Vice-Chancellor

Canadian University of Bangladesh
- Incumbent
- Assumed office 21 April 2022
- Preceded by: Mohammad Mahfuzul Islam

Vice-Chancellor

University of Liberal Arts Bangladesh
- In office 2017–2021
- Succeeded by: Imran Rahman

Personal details
- Alma mater: Cherkasy State Technological University, Ukraine Kharkiv State Technical University of Radio Electronics, Ukraine
- Occupation: Professor, University Administrator

= H. M. Jahirul Haque =

H. M. Jahirul Haque is a Bangladeshi academic and Vice-Chancellor of the Canadian University of Bangladesh. He is the former Vice-Chancellor of the University of Liberal Arts Bangladesh.
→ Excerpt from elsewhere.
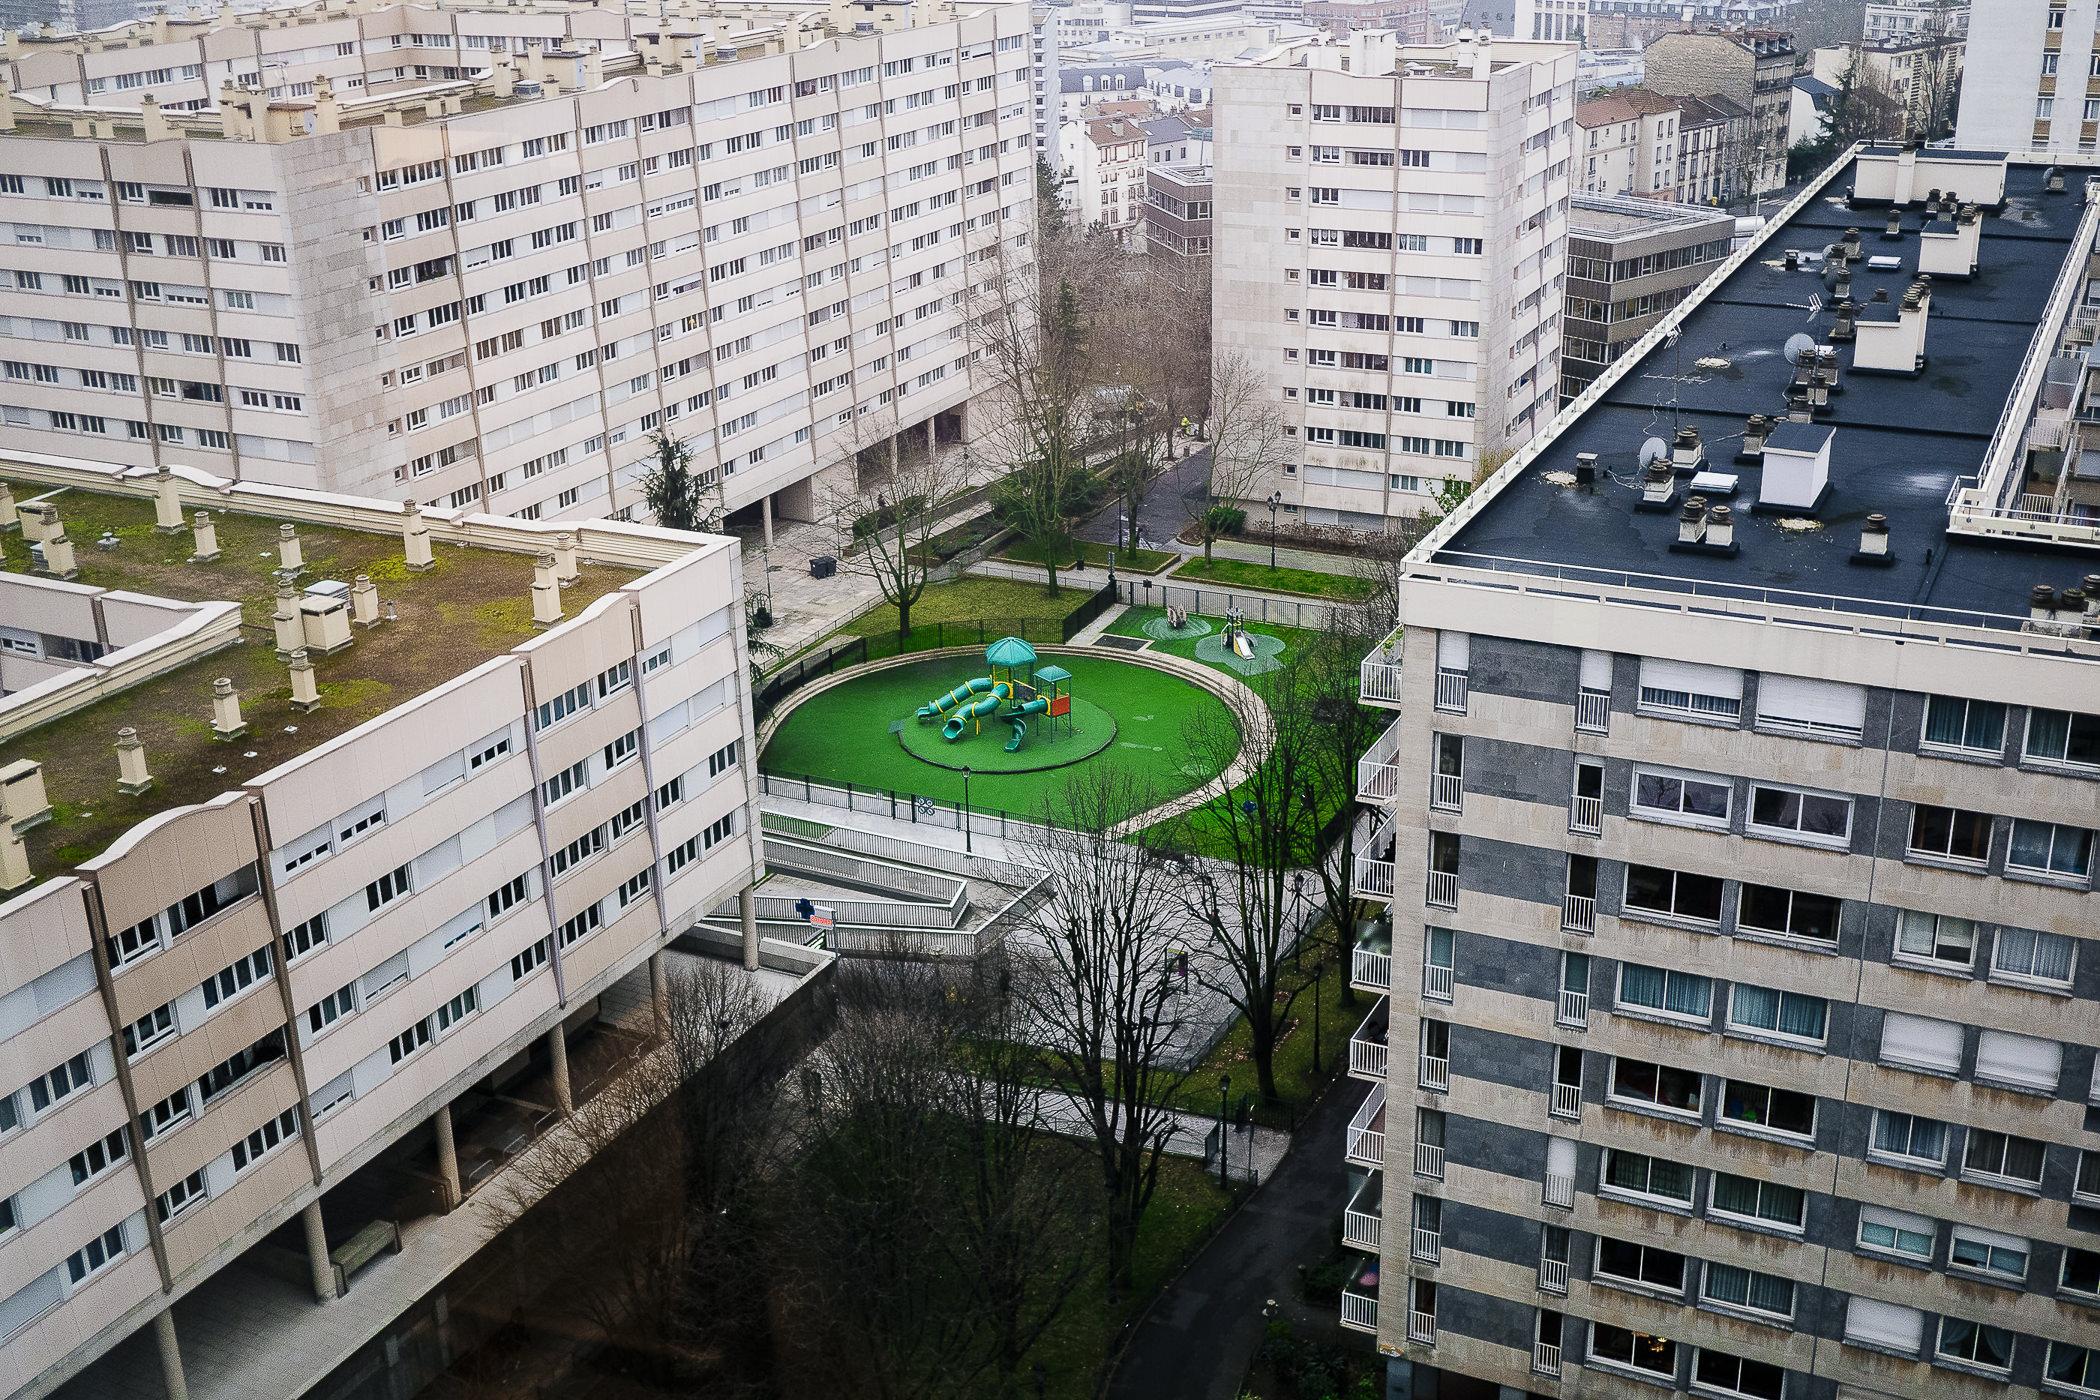 ARCHITECTURE_47.jpg

He is a former Senior Advisor to the Board of Trustees of the Canadian University of Bangladesh.

==Early life==
Haque did his master's in technical science at the Cherkasy State Technological University in 1995. He completed his PhD in 2001 at the Kharkiv National University of Radioelectronics.

==Career==
From March 2002 to July 2004, Haque taught at the Leading University. In 2004, Haque joined the University of Liberal Arts Bangladesh. He was made the head of the Department of computer science and engineering.

From 2013 to 2017, Haque was the Pro Vice-Chancellor of the University of Liberal Arts Bangladesh. Haque was appointed the 4th Vice-Chancellor of the University of Liberal Arts Bangladesh in May 2017. He served in that role till 2021.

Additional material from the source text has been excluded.